Where'll I hang me Swans?

More brown paper and another box, full of photos that Himself had taken in Galway of local scenes and the children. Holidays, baby shots, school photos. We have to choose. There aren’t enough hooks and we are not allowed by order of the landlady (she with the cleaning fetish) not to put up any more hooks. ‘Where’ll I hang me swans?’, he says referring to the Claddagh photo. So the Hookers and Swans now hang side by side. I left him there with the rest, I had a date at the hairdressers, had to get the hair done, a new me. I was going short and we had a dinner invitation to the Mayors house...not here a wet week and well in.


I fear the do will be the price of a small house.

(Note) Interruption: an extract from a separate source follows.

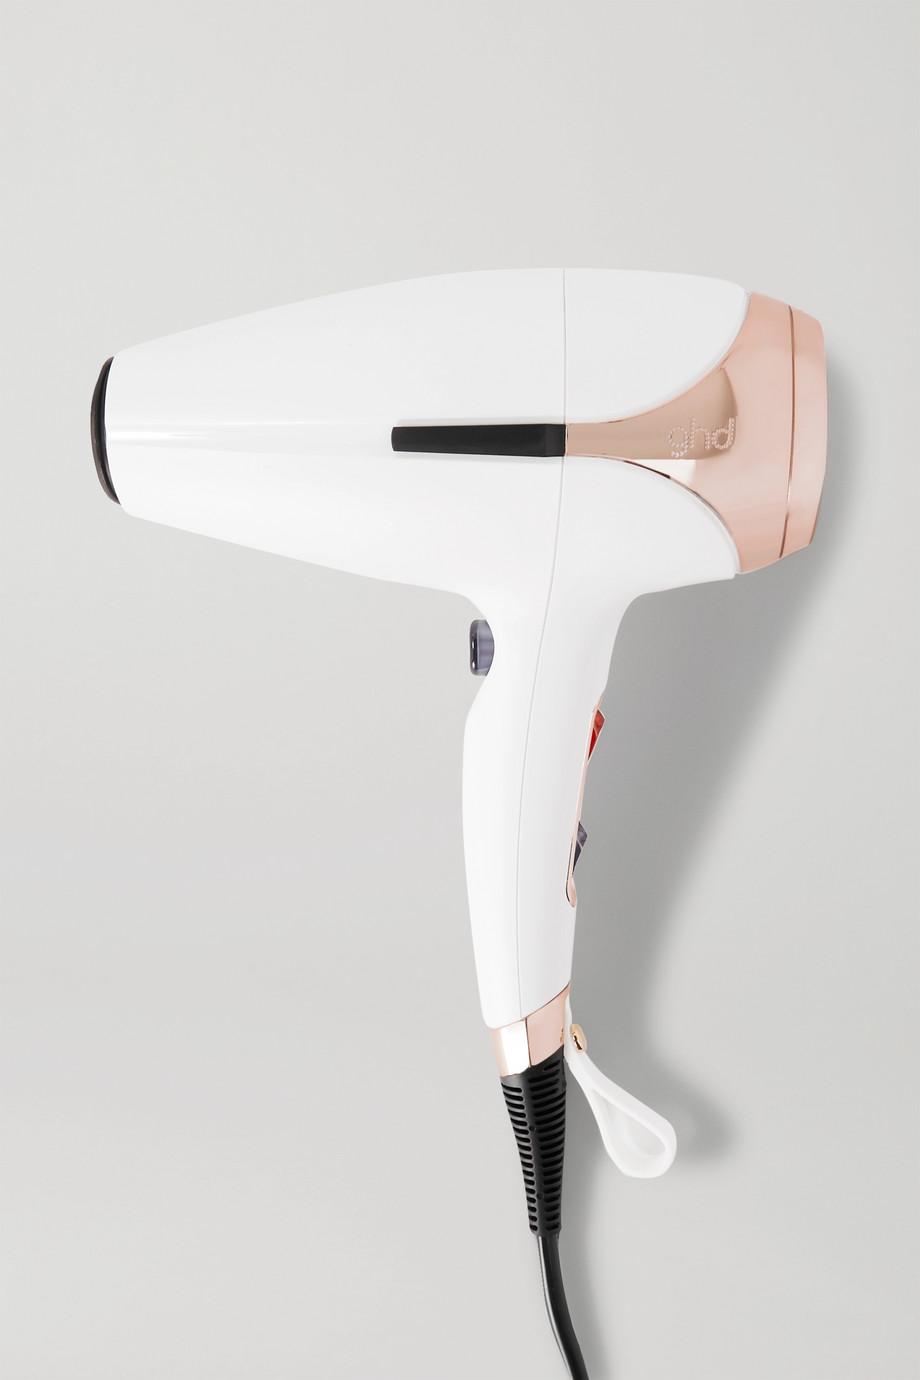 ghd Helios Hairdryer - UK 3-pin plug

One lady was having a foot spa while her colour cooked, another said she would have her ‘usual fruit tea’ while she discussed the merits of one masseur over another. I am soooo low maintenance, I think to myself, as I look at my greys and my ripped Converse. The ladies, all freshly tanned back from the hols, compared and contrasted previous years, and where they were off to for half-term. Barbados was mentioned. Their holidays are not like ours. We move in different circles. I am escorted to have my colour washed out, ‘will I turn on the back massage for you’ the nice girl says, ‘never had one, give it a go’ I said and the chair kneads my back. I still can’t figure out if it relaxed me or irritated me. Nonetheless, I am happy with the outcome and arrive home, on the bike, a new woman. ‘It’s the very same as mine’ the Small Man says. He’s right, should have just gone to the barbers, much cheaper but wouldn’t have been privy to the same conversations.